Saturday, December 21, 2013

Almond Roco or When you know it's Christmastime around here



You know it's Christmastime around here when the only item coming out of my kitchen is Almond Roco and lots of it. 

I originally received this recipe from my late Godmother when she brought it to a Christmas party. I immediately fell in love with it, asked her for the recipe and have been making it ever since. Due to it's uniqueness, this has become a staple holiday gift for co-workers, teachers, friends, etc. 
 

original copy received from
my Godmother


I realize the recipe title is a misnomer as almonds is not listed as an ingredient. I once heard it called Cracker Candy which is probably a more appropriate description of this delightful combination of butter, sugar, saltines, chocolate and walnuts. If you google “Cracker Candy Recipe” you will find many similar recipes under many names.

Over the years, I have played with the original recipe I received, substituting white chocolate or Hershey's Kisses for the semi-sweet chocolate, substituting shredded coconut for the walnuts or skipping the walnuts altogether. The variations listed under notes/variations at the end of this post are the ones which I have found successful and make annually.

I hope you have as much fun and success making this as I have!


Semi-Sweet Almond Roco
with walnuts





Almond Roco - like Cookies



1 - 1 1/2 sleeves saltines
1 cup or 2 sticks butter plus extra for coating aluminium foil
1 cup sugar
2 cups or 12 oz. semi-sweet chocolate chips
1 - 1 1/2 cups chopped walnuts  


Place oven rack in middle of oven and preheat oven to 400 degrees farenheit.

Line a cookie sheet with aluminium foil. Butter it. Line it with saltines.  Depending upon the size of the cookie sheet this could be anywhere between 1 - 1 1/2 sleeves of saltines. 

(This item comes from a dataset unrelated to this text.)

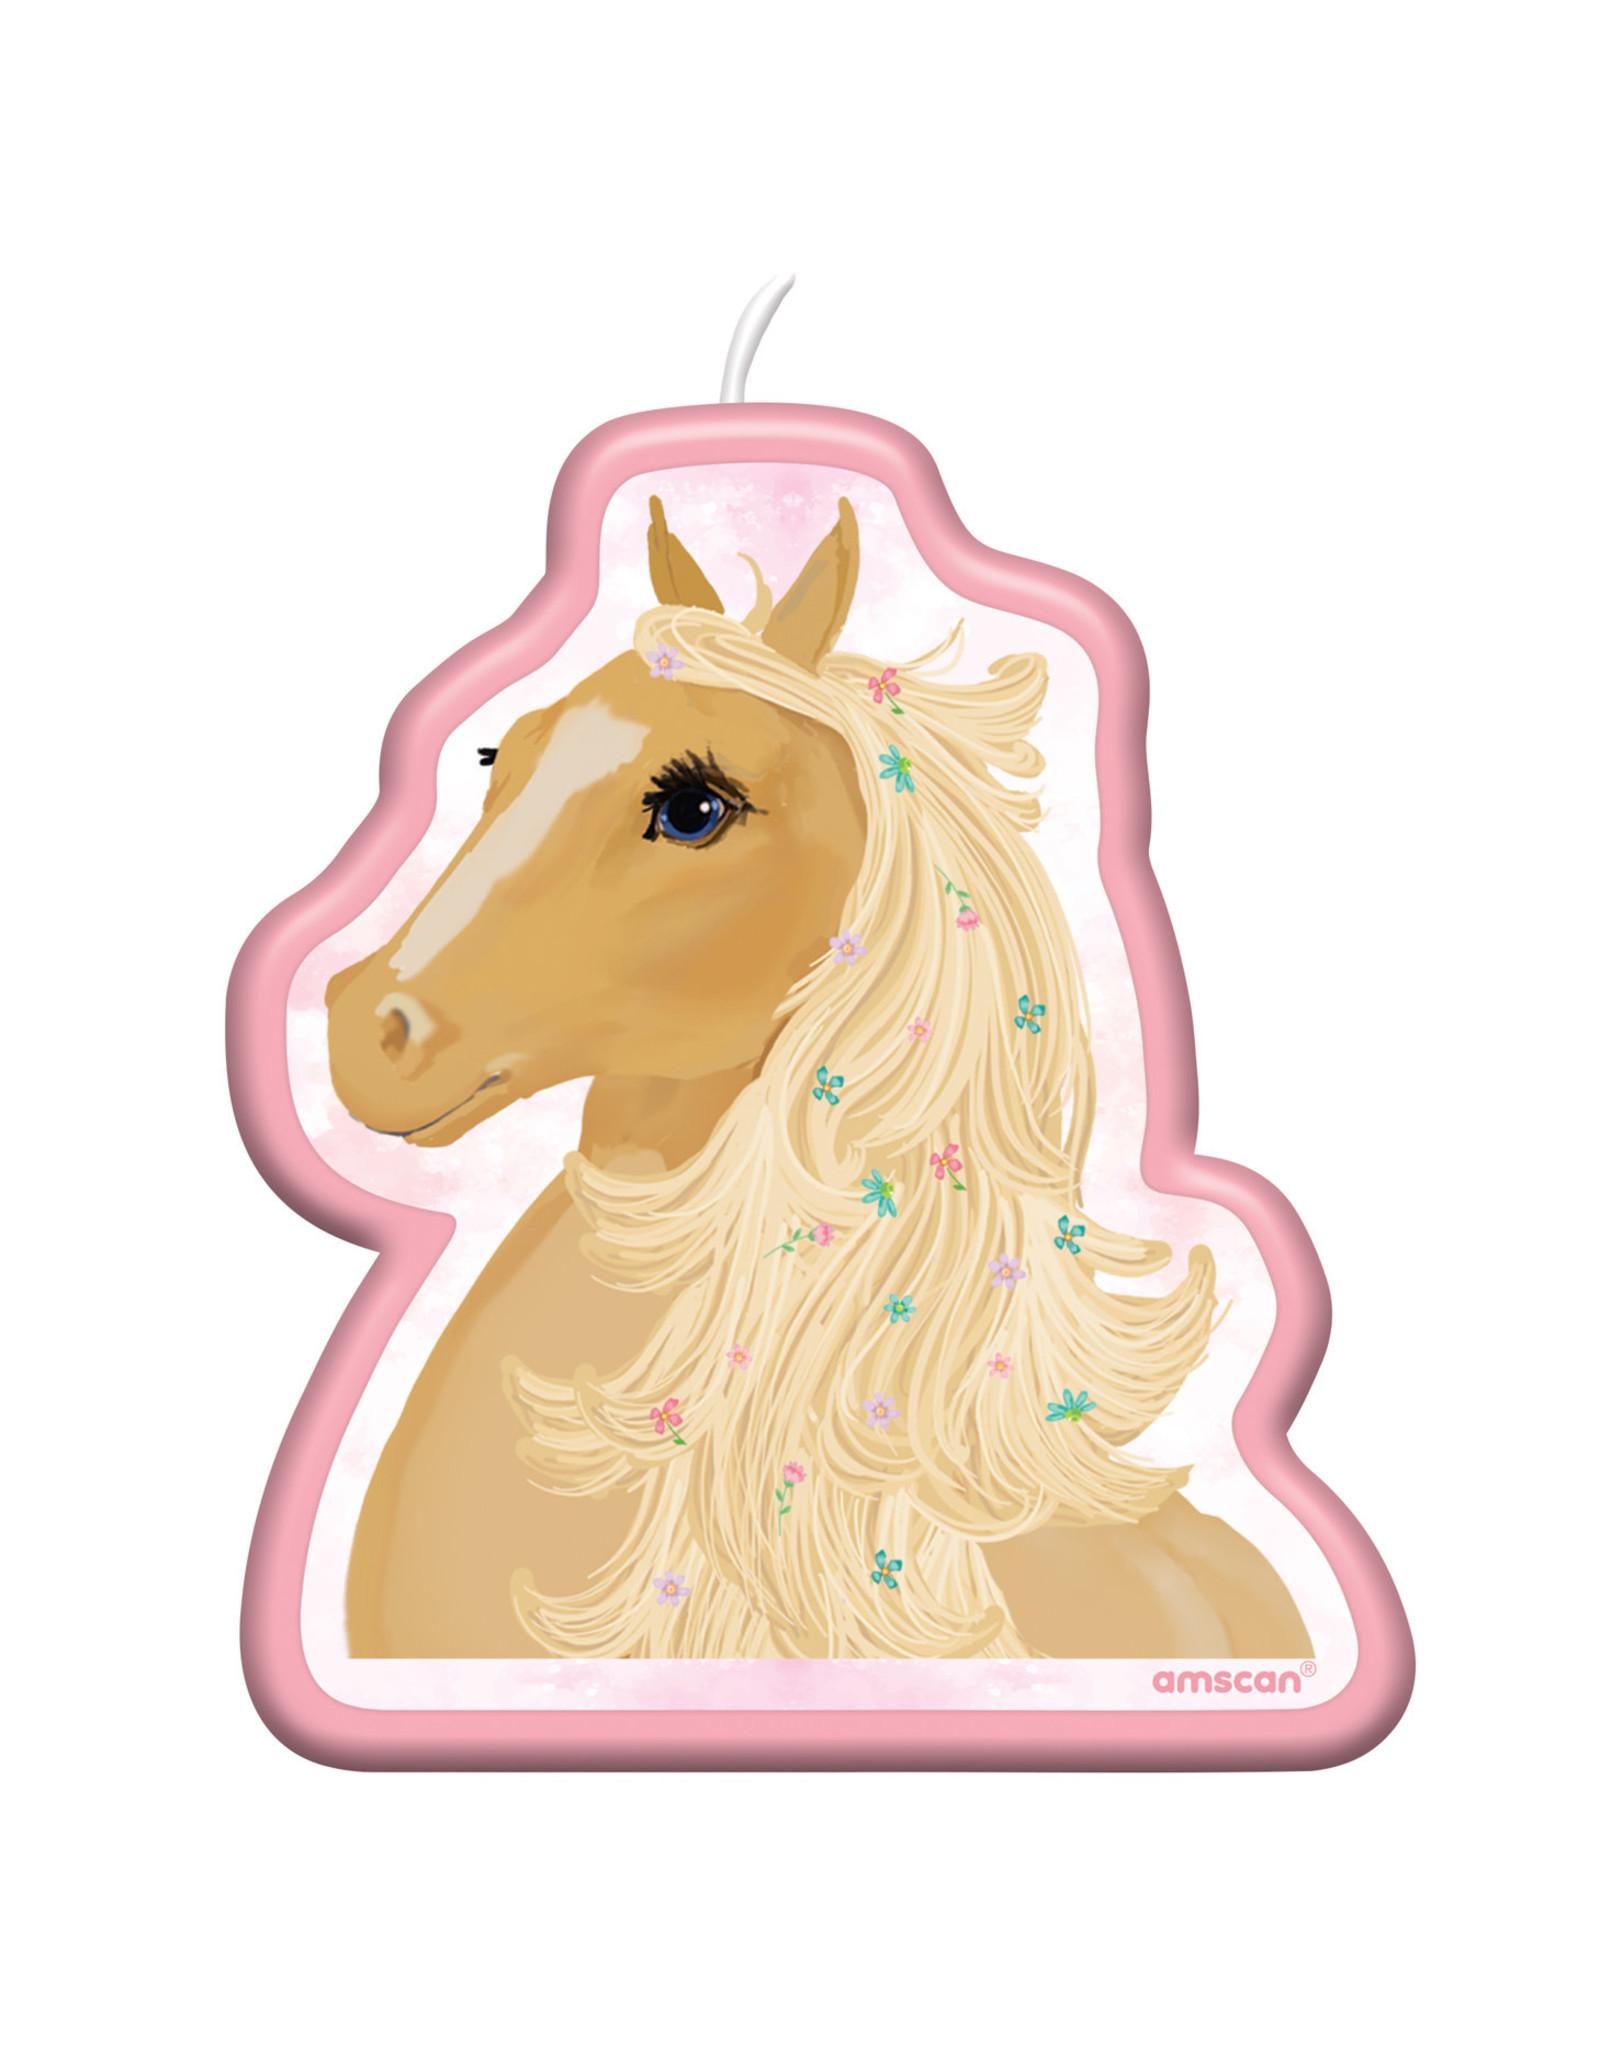 Amscan beautiful horses kaars 1 stuk

In a 1 quart saucepan, melt 1 cup or 2 sticks butter over medium-high heat. Add 1 cup sugar and bring mixture to a boil while stirring constantly, about 3-5 minutes.

Pour butter/sugar mixture over saltines and bake in preheated 400 degree oven for 5 minutes. Remove from oven and sprinkle 12 oz. chocolate chips over it.

Let chocolate melt 1 minute and then spread across saltines using back of regular-size spoon.

Sprinkle chopped walnuts over chocolate and cut it immediately using pizza cutterOnce again, depending upon size of cookie sheet and like/dislike for walnuts, this could be anywhere from 1 - 1 1/2 cups walnuts. 

Place tray in refrigerator to cool. Once cooled, peel off foil, break apart and enjoy.


Notes/variations:

-- Cookie sheet size should be about 15" x 10". One with an edge all around (like a jelly roll pan works best)

-- Use heavy duty aluminium foil. This will make process of peeling off foil easier.

-- Use butter. Margarine or any kind of butter/margarine mix will prevent Roco from solidifying correctly

-- For White Chocolate Roco, substitute 10-12 oz. bag of white chocolate chips for 12 oz. chocolate chips (ghiradelli white chocolate chips or Trader Joe’s white chocolate chips work best)

-- For Milk Chocolate Roco, substitute 11 oz. bag of Hershey Kisses for 12 oz. chocolate chips. This is approximately 72 Hershey Kisses.